── Recorded information
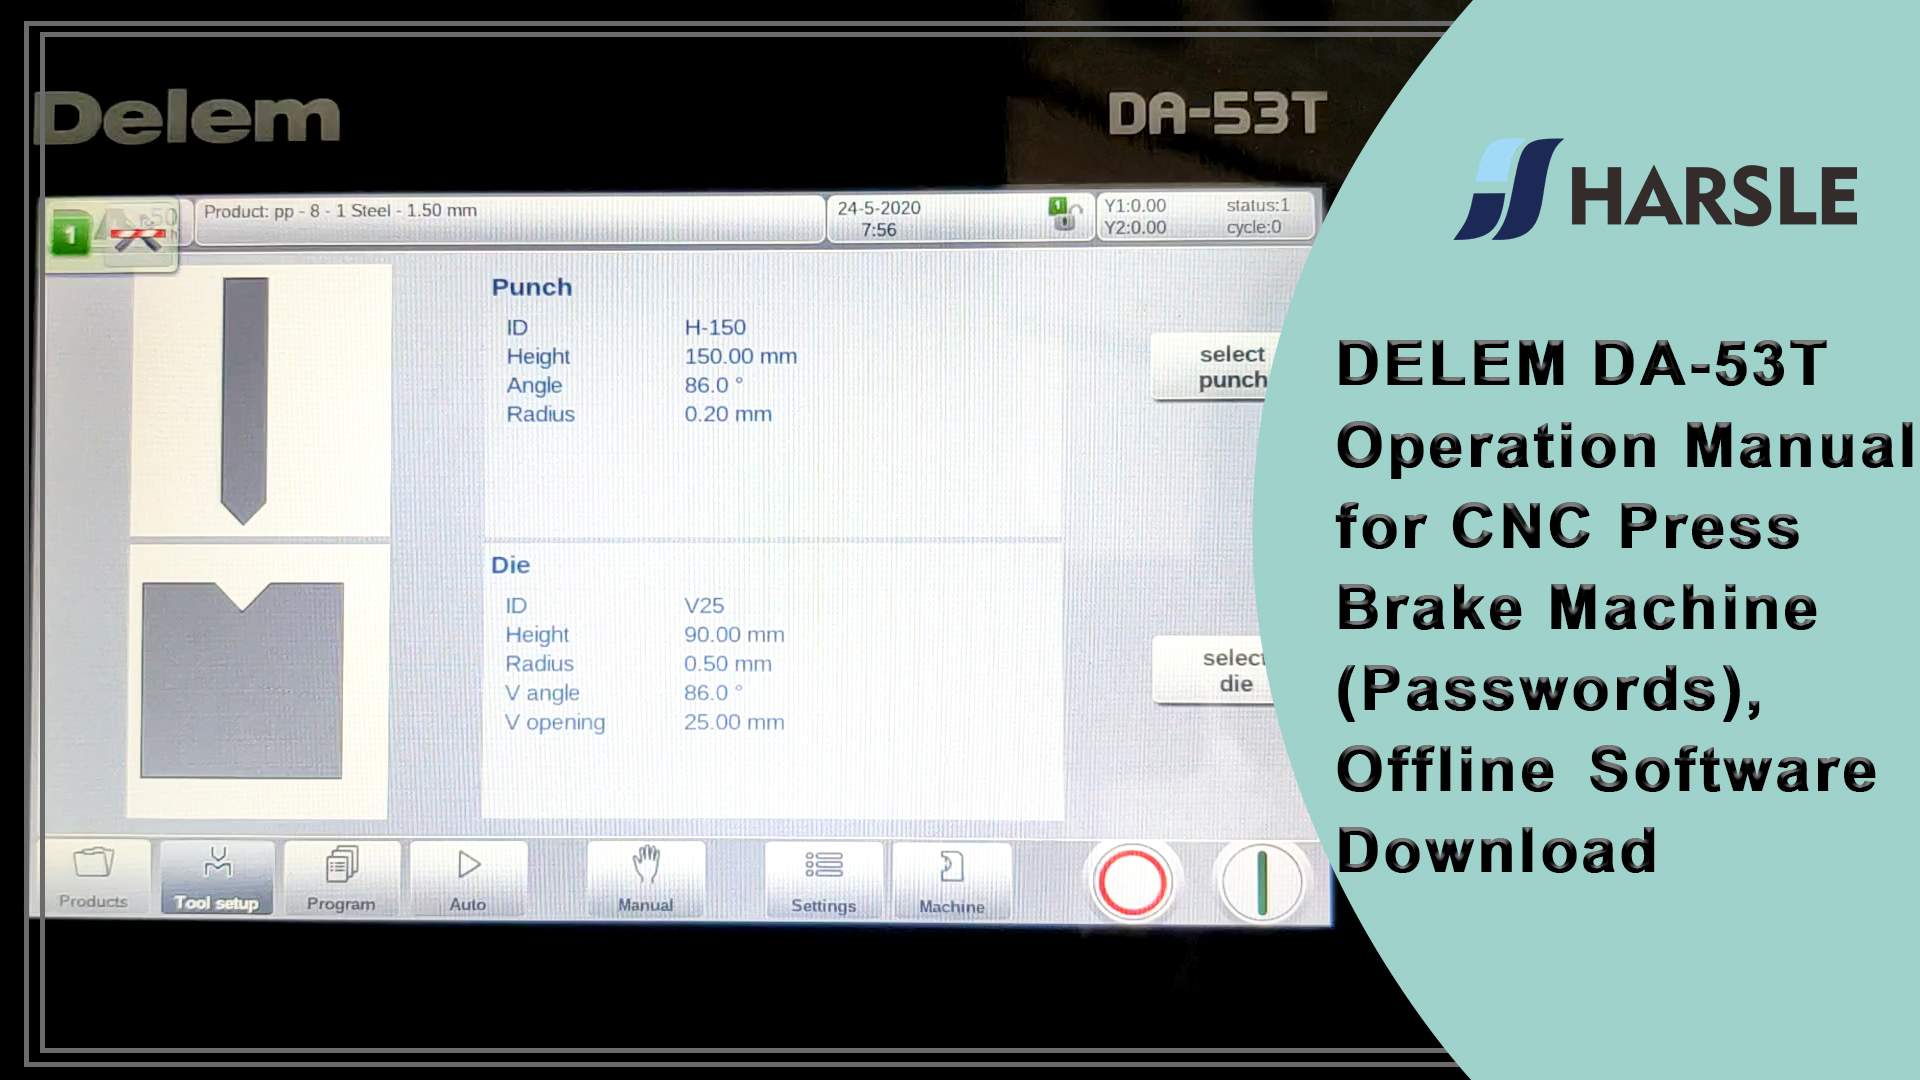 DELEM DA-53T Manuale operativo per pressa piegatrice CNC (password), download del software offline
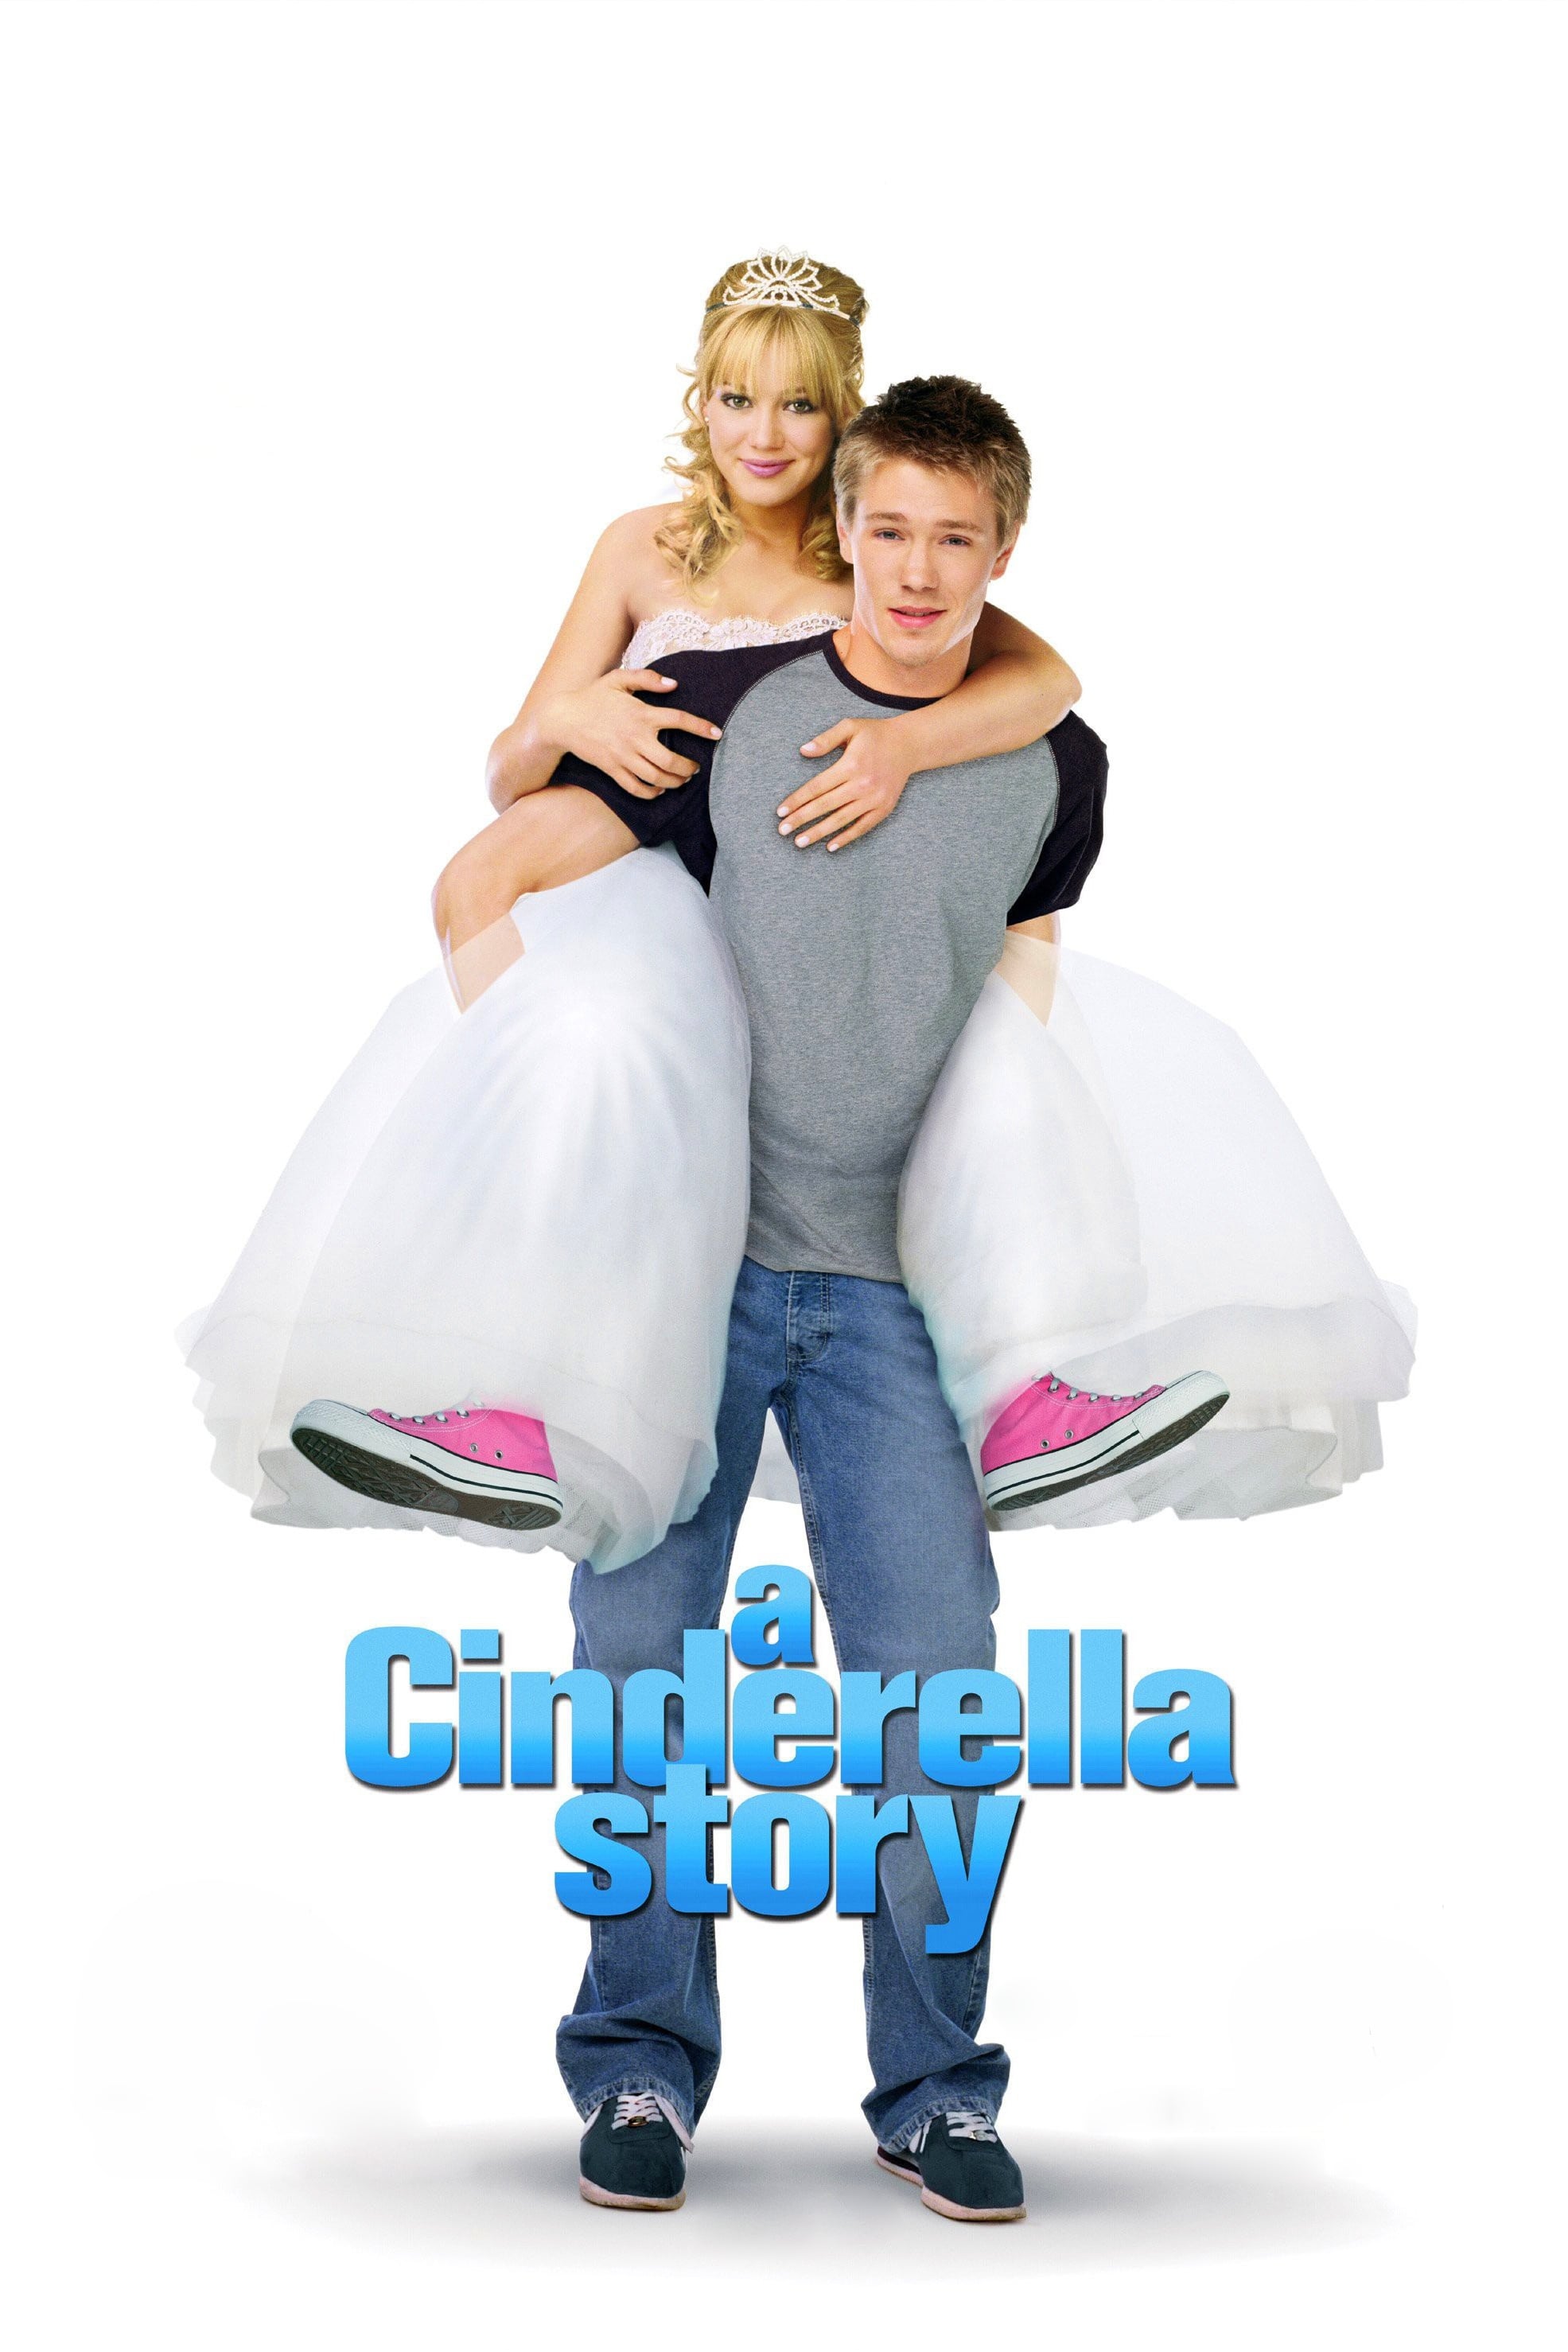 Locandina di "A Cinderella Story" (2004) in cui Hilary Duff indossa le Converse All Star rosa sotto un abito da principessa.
────
── Recorded information
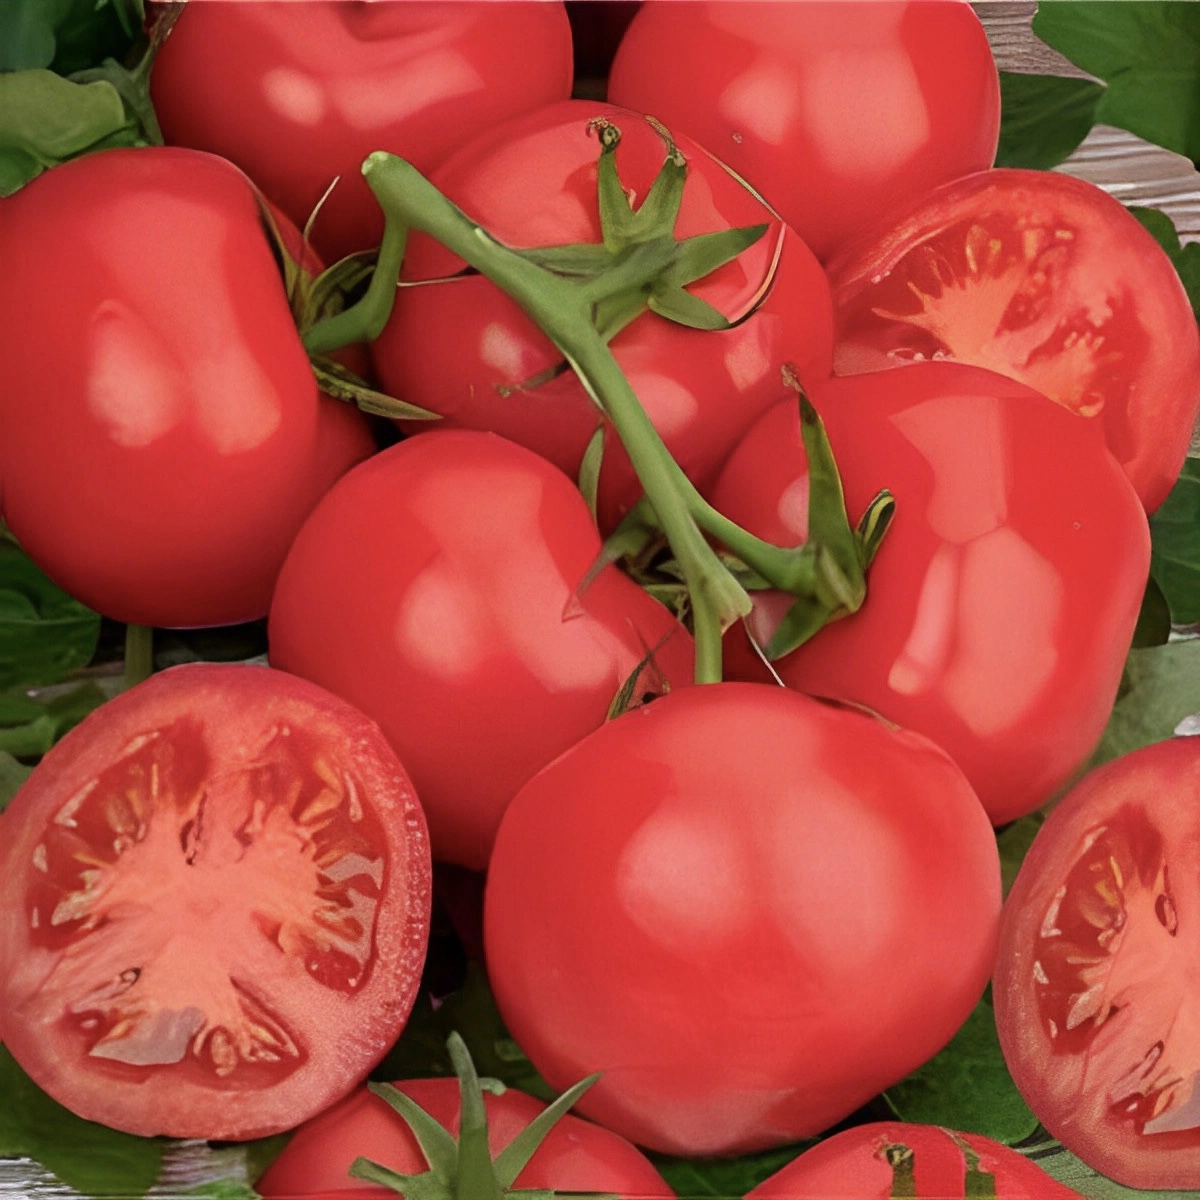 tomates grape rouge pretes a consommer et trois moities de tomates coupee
────
§ **Task details**
Each line above that falls between the line with "DELEM DA-53T Manuale" and the line with "abito da principessa." should be printed exactly, together with those two lines, but the pictures should not.

§ **Written response**
 DELEM DA-53T Manuale operativo per pressa piegatrice CNC (password), download del software offline
 Locandina di "A Cinderella Story" (2004) in cui Hilary Duff indossa le Converse All Star rosa sotto un abito da principessa.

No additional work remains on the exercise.